Voyager's Three Core Components
Complete Skill Learning Workflow
# Voyager skill learning workflow (simplified Python pseudocode)
class VoyagerAgent:
def __init__(self):
self.skill_library = SkillLibrary()
self.curriculum = AutoCurriculum()
self.code_generator = CodeGenerator() # GPT-4
self.critic = TaskCritic() # GPT-4
def learning_loop(self):
"""Core learning loop"""
while True:
# 1. Curriculum system proposes next task
task = self.curriculum.propose_next_task(
completed_tasks=self.completed_tasks,
current_state=self.get_env_state()
)
print(f"📋 New task: {task}")
# 2. Retrieve relevant skills from skill library
relevant_skills = self.skill_library.retrieve(task, top_k=5)
print(f"📚 Found {len(relevant_skills)} relevant skills")

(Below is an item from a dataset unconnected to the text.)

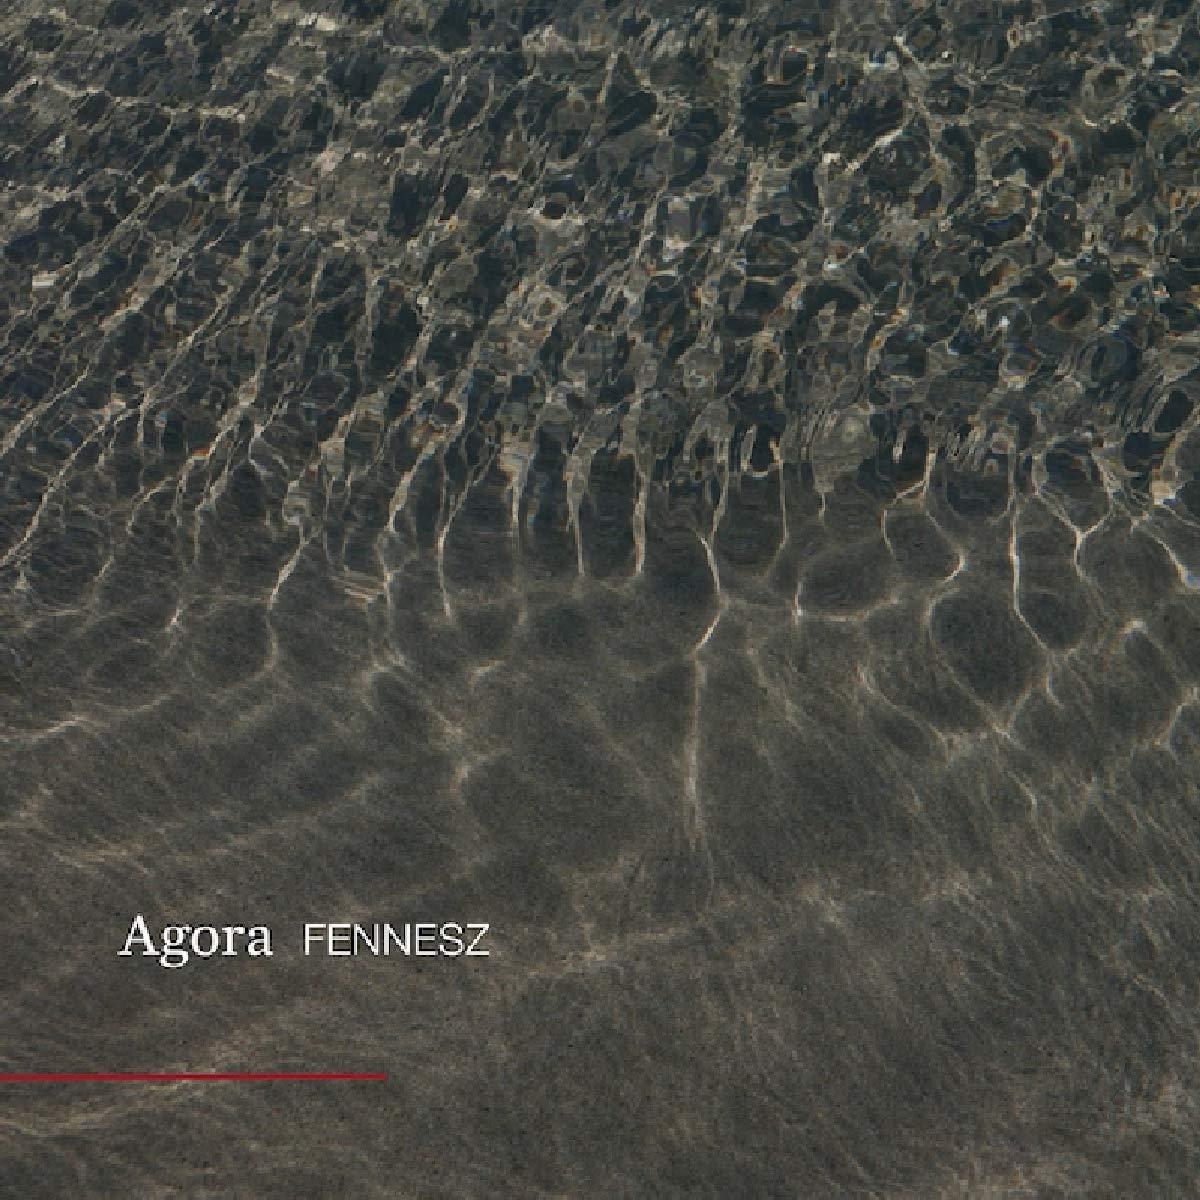 「fennesz agora」の画像検索結果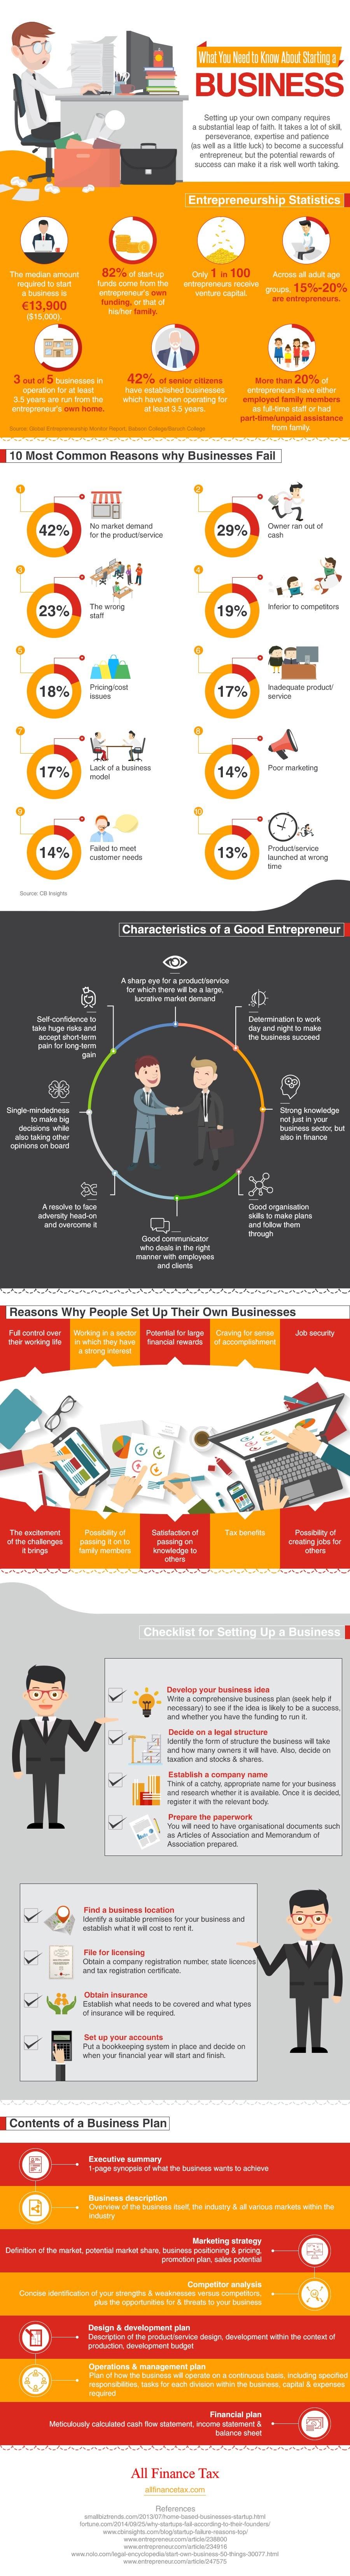 Know Business info

# 3. Generate code (combining existing skills)
success = False
for attempt in range(4): # Maximum 4 attempts
code = self.code_generator.generate(
task=task,
relevant_skills=relevant_skills,
env_state=self.get_env_state(),
previous_errors=self.errors if attempt > 0 else None
)
# 4. Execute code
result = self.execute(code)
# 5. Self-verification
success, critique = self.critic.check(
task=task,
result=result,
env_state=self.get_env_state()
)
if success:
break
else:
self.errors = critique
print(f" ❌ Attempt {attempt + 1} failed: {critique}")

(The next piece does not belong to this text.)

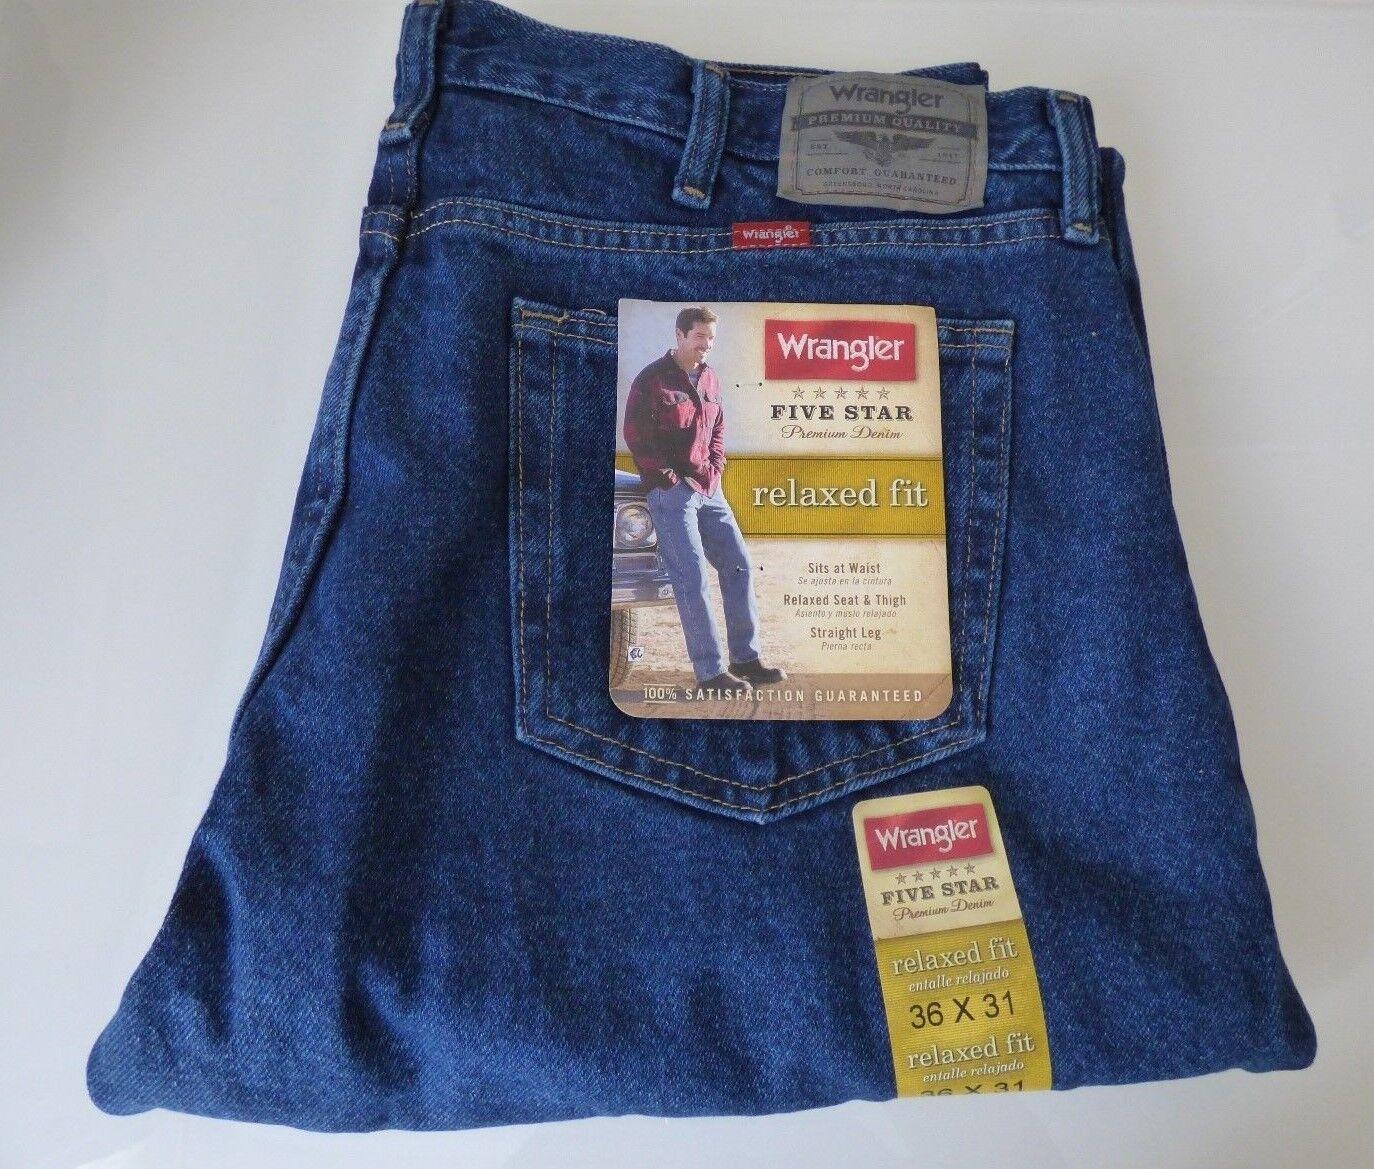 bfd9e5fd Mens Wrangler 5 Star Relaxed Fit Jeans Premium Denim · $29.99 · Jeans

# 6. If successful, save as new skill
if success:
skill_name = self.extract_skill_name(task)
description = self.generate_description(task, code)
self.skill_library.add(skill_name, code, description)
self.curriculum.mark_completed(task)
print(f" ✅ New skill acquired: {skill_name}")
else:
print(f" ⚠️ Task failed, skipping")
Key Insights from Voyager
-
Skills are composable: simple skills combine into complex skills
"Mine wood" + "Craft planks" + "Craft workbench" → "Build basic infrastructure" (composite skill) -
Skills are transferable: reused in different scenarios
"Mine wood" skill can transfer to "Mine stone" (similar operation pattern) -
Skill library grows continuously: new skills build on old skills
Hour 1: 10 basic skills Hour 5: 50+ skills (including composite skills) Hour 20: 100+ skills (covering most game behaviors)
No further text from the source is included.